Page 25-Mansion living room, circa 1992 / Governor's Mansion Brochure.

Page 25-Mansion living room, circa 1992 / Governor's Mansion Brochure.

Photographs courtesy of J.P. Gill


The test of any writer is ‘did I get it right?’ I think I got it right,” said John P. Gill, author of Open House: The Arkansas Governor’s Mansion and its History, a new book that tells the fascinating story of 1800 Center St., in Little Rock’s historic Quapaw Quarter. Gill, an attorney and Little Rock native, takes the title from the historic “open house” when the executive residence, completed in 1950, was first opened to visitors, Gill reported, for five days large crowds prompted an additional three days of public viewing. 

Gill’s previous work includes The Crossroads of Arkansas and Post Masters: Arkansas Post Office Art in the New Deal.

No matter what you think about Arkansas politics, reading Open House is time well spent. The book’s 14 chapters are organized thematically and detail 60 years of history, from 1950 to 2010. Photographs gathered from a variety of sources, in both color and black and white, complement the text.

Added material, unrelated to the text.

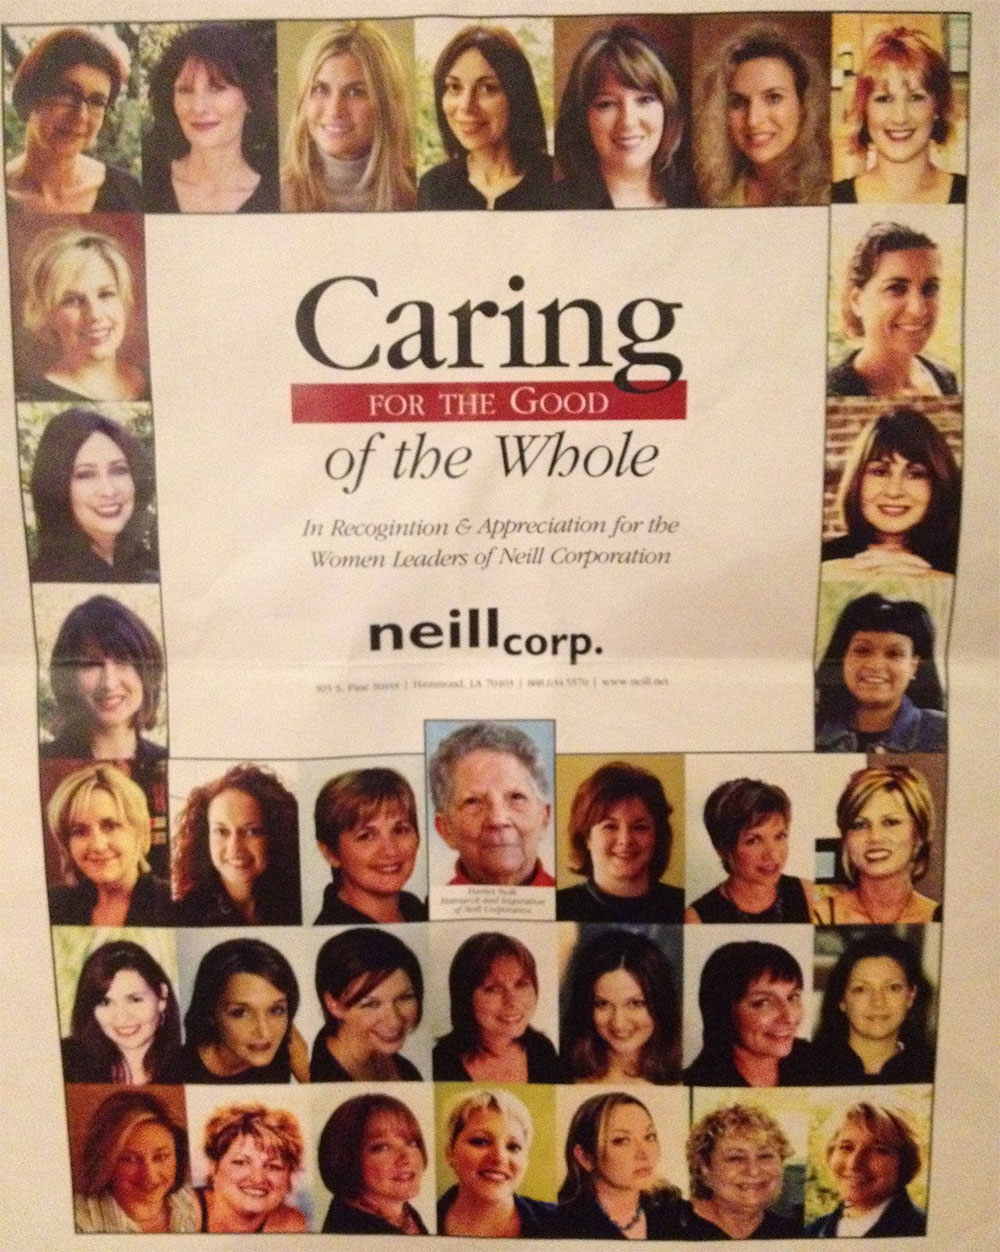 In 2002, Neill Corporation celebrated its women leaders with this tribute ad, produced by Kathleen’s marketing department. (She is shown bottom left). | Source: Kathleen Turpel

Two women, in particular, play key roles in this story: Agnes Bass Shinn, president of the Women’s Federation of Women’s Clubs, whose vision and commitment it was to build the mansion; and Ginger Beebe, the current first lady, who personally found Shinn’s portrait in the mansion basement and asked that it be displayed prominently in the formal living room for future generations. Beebe, in an e-mail, wrote: “After all, because of her efforts, the people of Arkansas have this beautiful Governor’s Mansion.”

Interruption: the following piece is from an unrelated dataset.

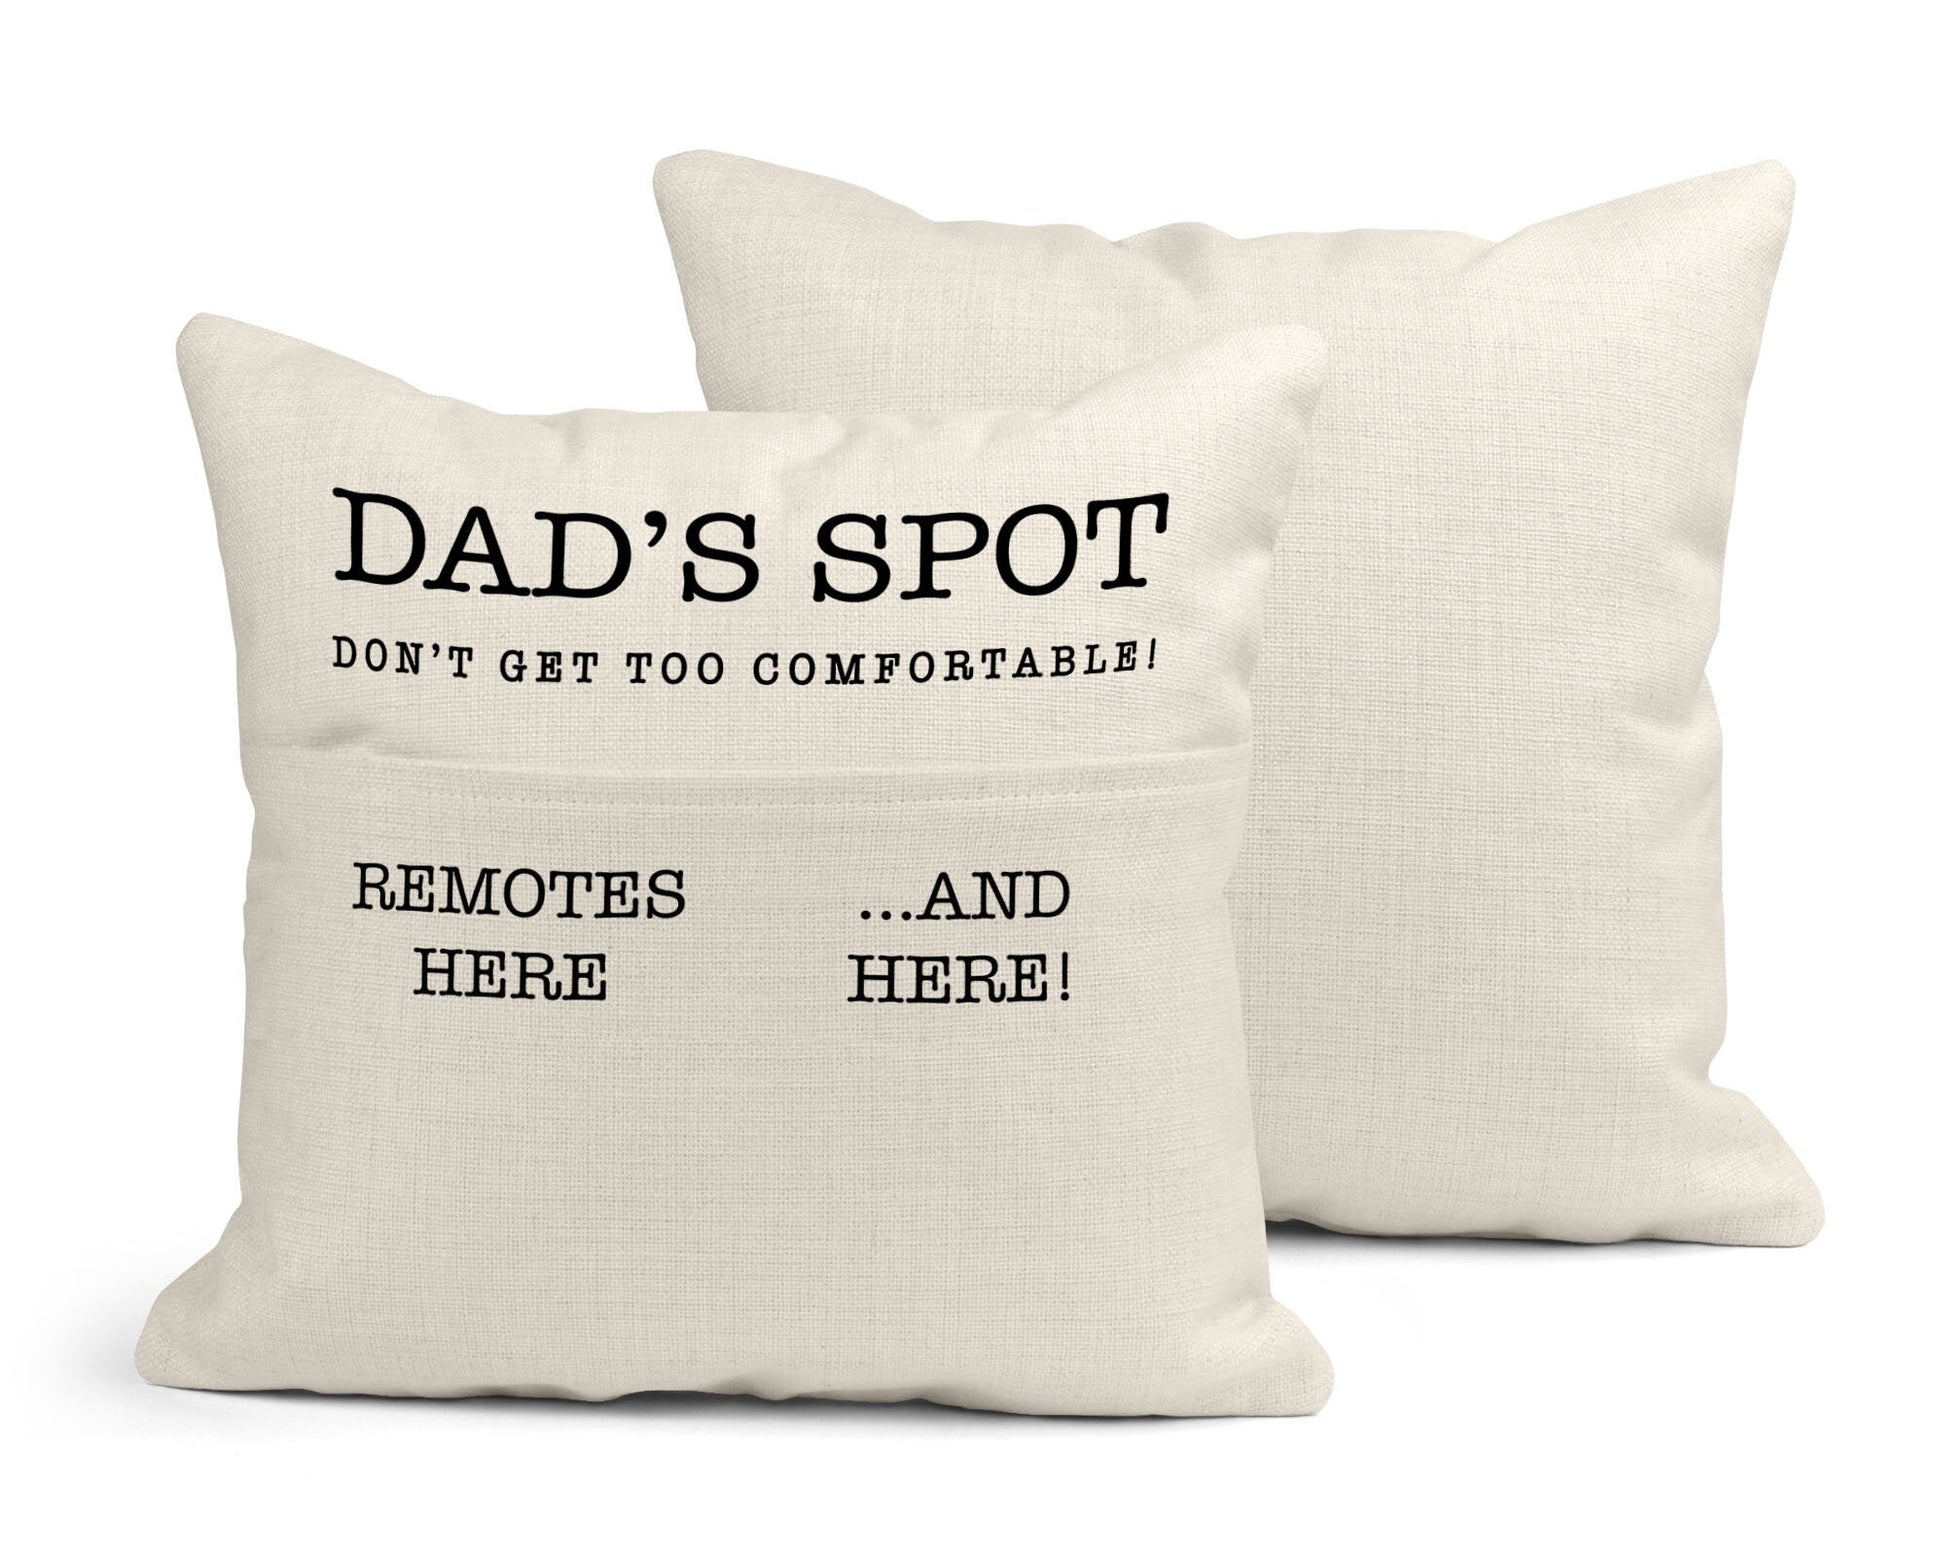 Custom Dad Remote Pillow for Dad, Personalized Pillowcase Gift Ideas Throw Pillow Covers

In the foreword, Gill credits Beebe’s “intellectual curiosity” and her enthusiasm for encouraging him to write Open House. The First Lady said she came up with the idea for the book “after Gov. [Sidney] McMath passed away in 2003.” Then, in 2007, when she and Gov. Beebe moved into the executive residence, she realized there were so many questions she “wanted to ask Governors McMath and [Frank] White about what it was like living in the mansion.” 

Thirty-nine oral history interviews with governors and their families and 37 interviews with architects, designers, security personnel and other specialists provide the first-person recollections that sustain Gill’s endeavor. 

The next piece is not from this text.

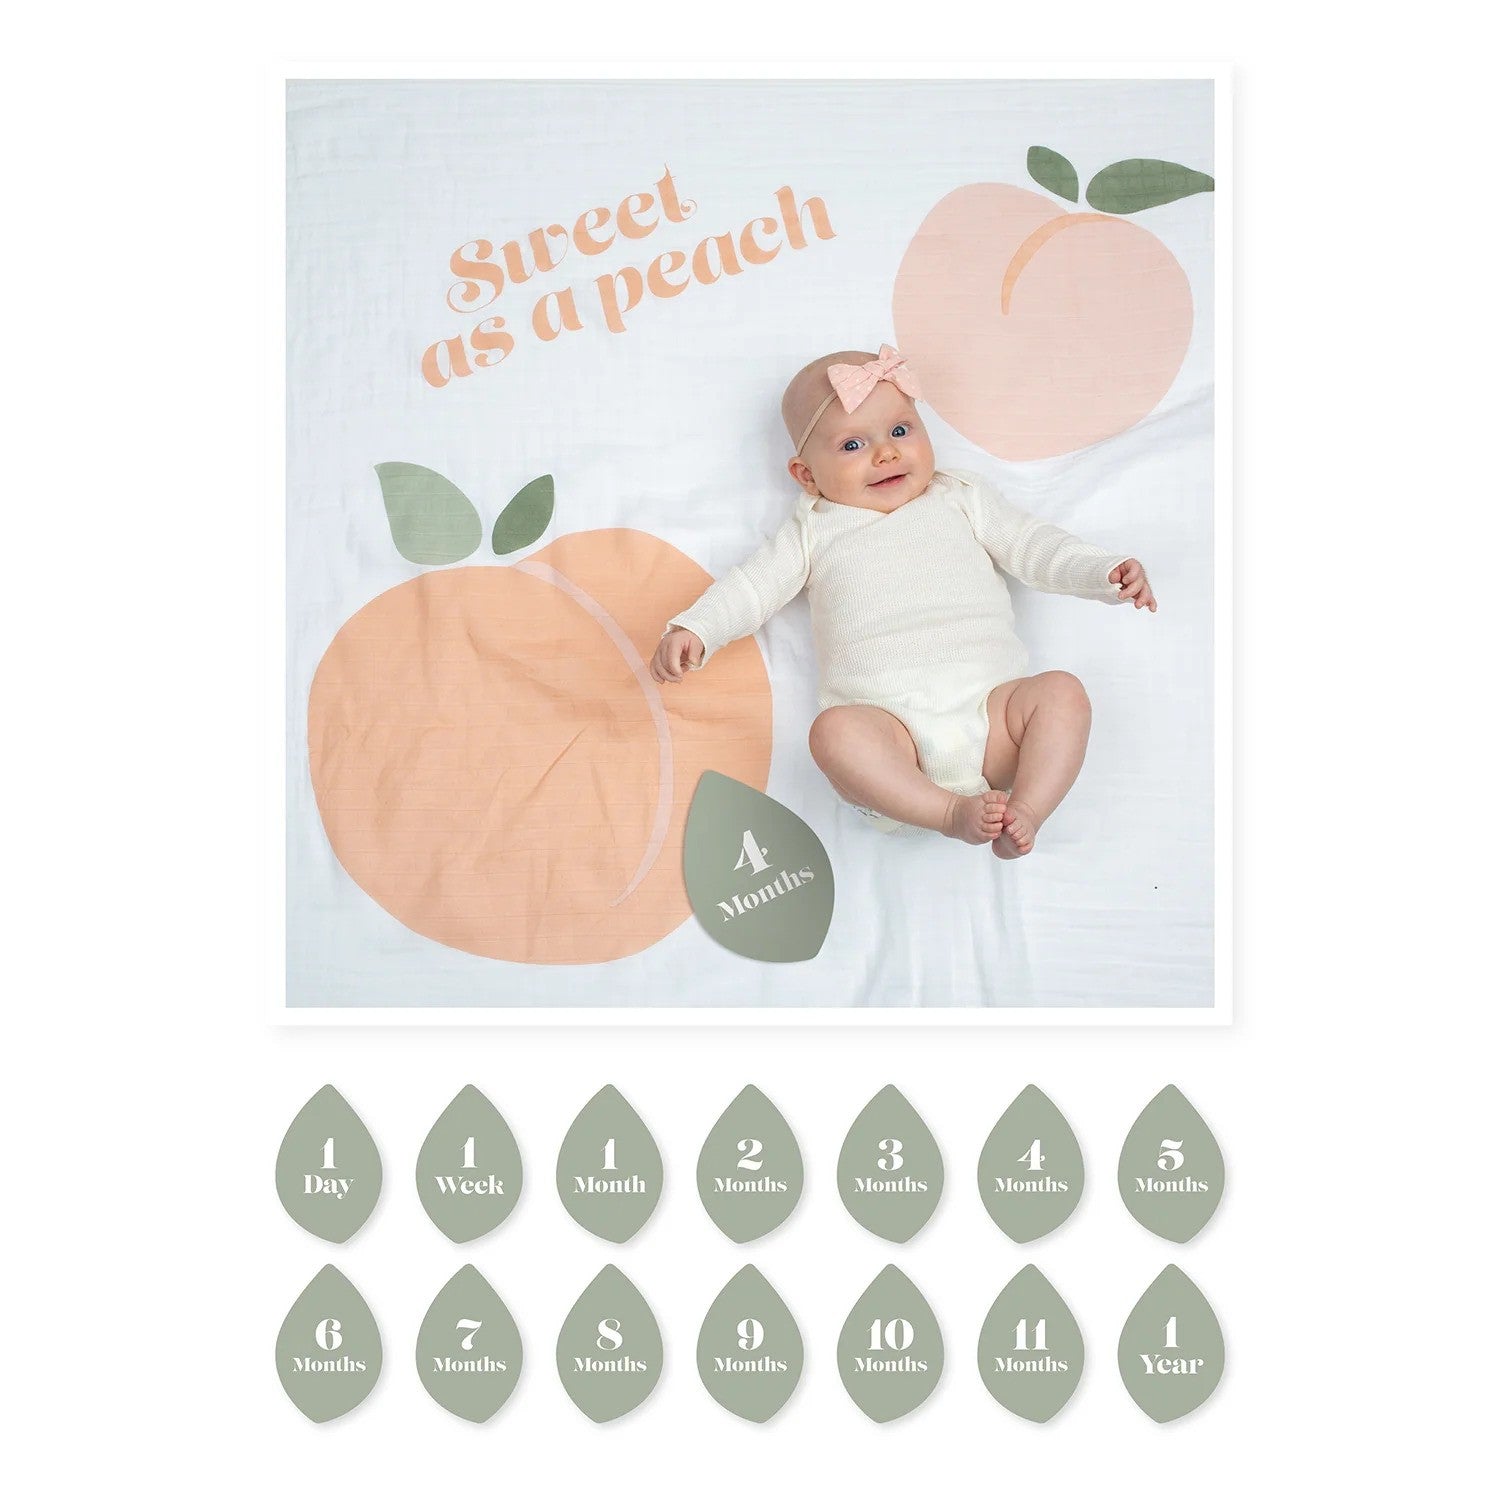 Gift set containing a white blanket with a peach design and 7 green double-sided milestone cards

“I tried to get as much truth in it as I could,” Gill said. Besides detailed descriptions of the Georgian interior, like the grandfather clock older than the United States, a gift from First Lady Margaret Frierson Cherry to the state’s 35th governor, Francis Adams Cherry, Open House describes in the words of the first families what it was like to live, essentially, on public display.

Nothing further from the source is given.